Happy New Year!
I don’t necessarily hate New Year’s resolutions or goals or vision boards. I love them. I think sometimes we get lost in the sauce. We overcommit, over-plan. Set unrealistic expectations of ourselves and get real in our feelings when we fail.
Oftentimes I think the plans, the vision boards, or the goals require way more patience.
A lot more compassion than we usually give ourselves.
And we need community not just accountability.
I grew up in the Church and heard about accountability all the time. But oftentimes the accountability felt like shame. Sometimes, it was just me. Me shaming myself into submission — trying to change. Trying to be good and acceptable in God’s eyes.
It wasn’t until I became an adult that I realized we are changed by compassion not shame, not punishment.

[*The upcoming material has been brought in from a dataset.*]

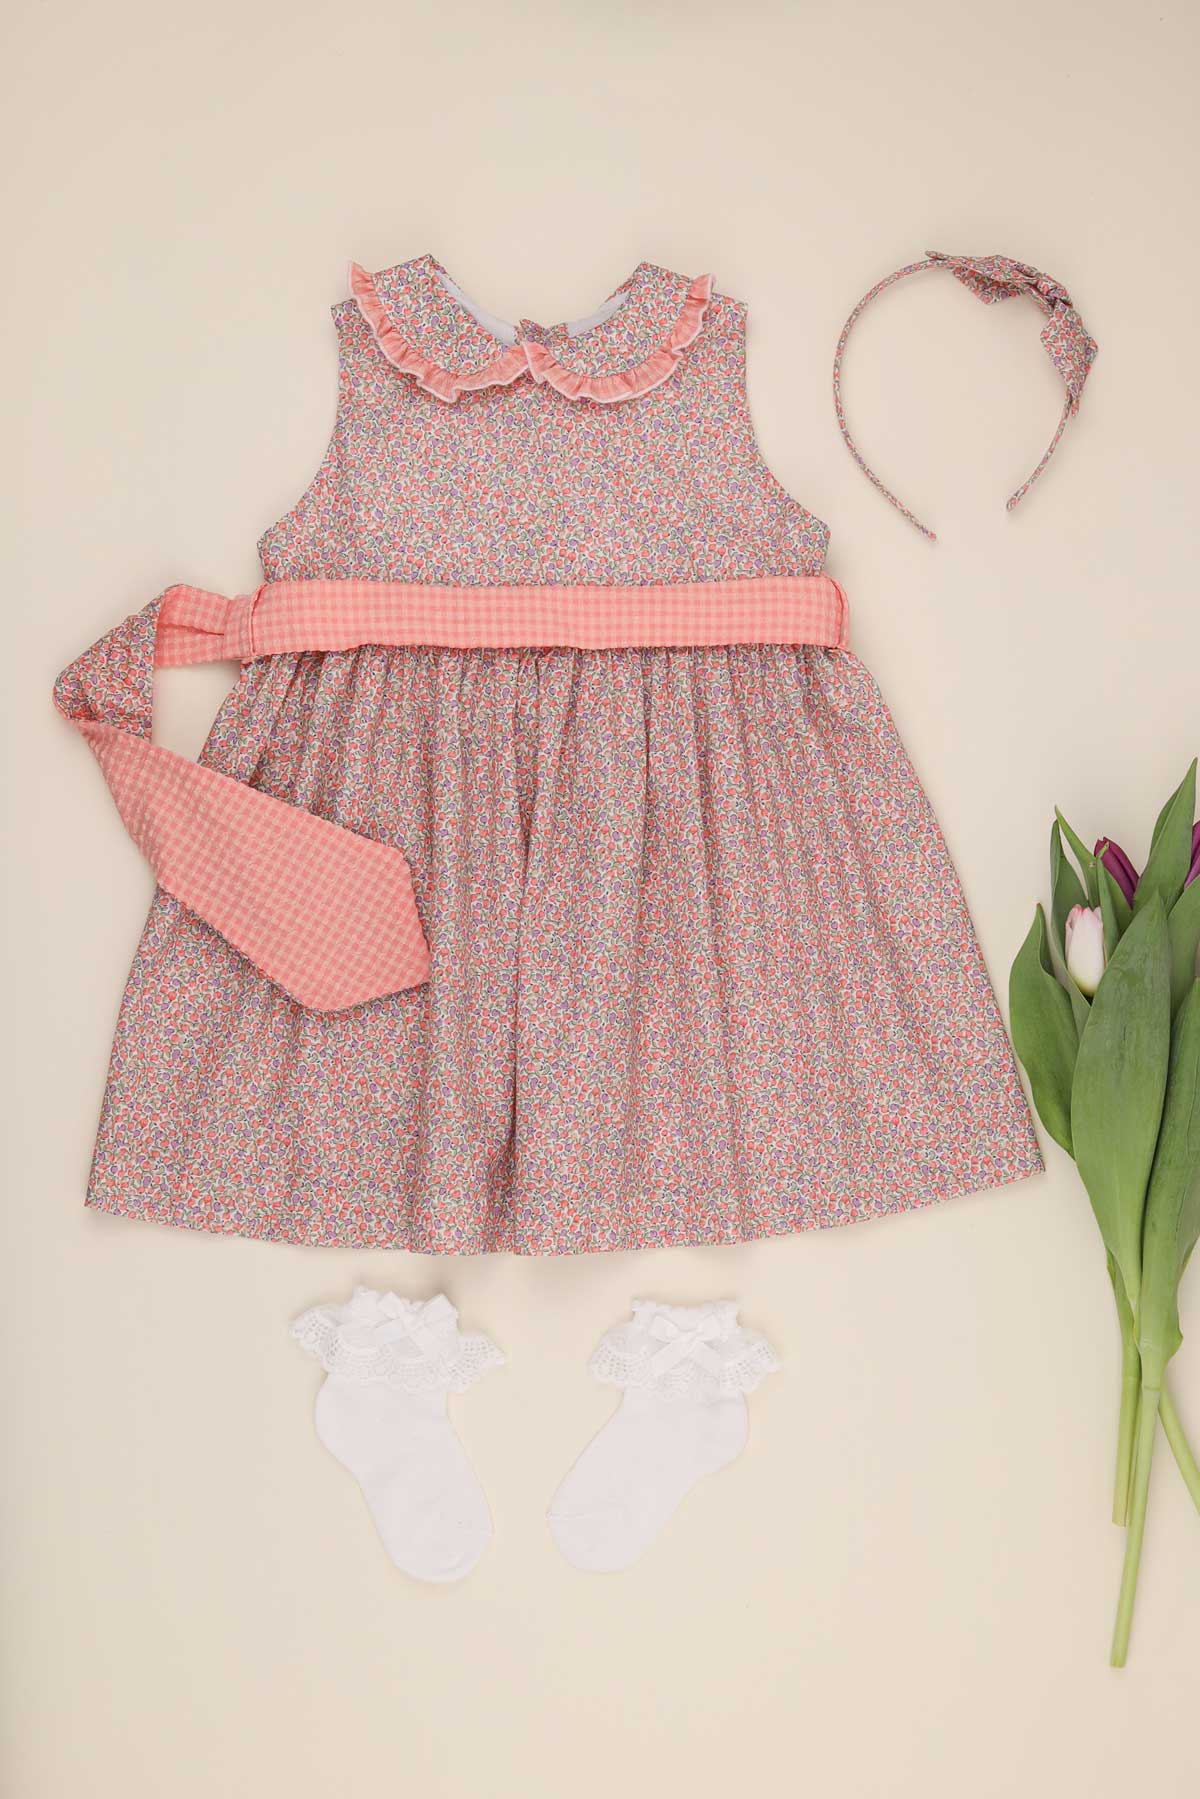 ditsty floral girls dress with headband

And I’m even willing to admit that my western view of shame may be very limited to a very individualistic view of self. All the more, I think we need community to help us reach our goals.
Community versus accountability might feel like compassionate critique. It might feel like helping you think through, work through, and sit with the feeling of failure. It’s not always trying to necessarily fix you or something around you. But maybe trying to help you better understand what the problem is. Find better ways of describing how the problem feels or looks like.
If I was honest, I don’t think I do this very well in my own friendships. And I’m working hard to be community for people without trying to rush the friend to the solution. I’m learning to be comfortable with the failure, the disappointment. The detour. The reset.
The biggest problem with New Year’s resolutions is this: we don’t sit long enough with the pain of failure. We hit failure or the one week of inconsistency and we feel doomed.
Instead we should plan for the mistakes. And plan to try again and again, and again. In the words of Aaliyah.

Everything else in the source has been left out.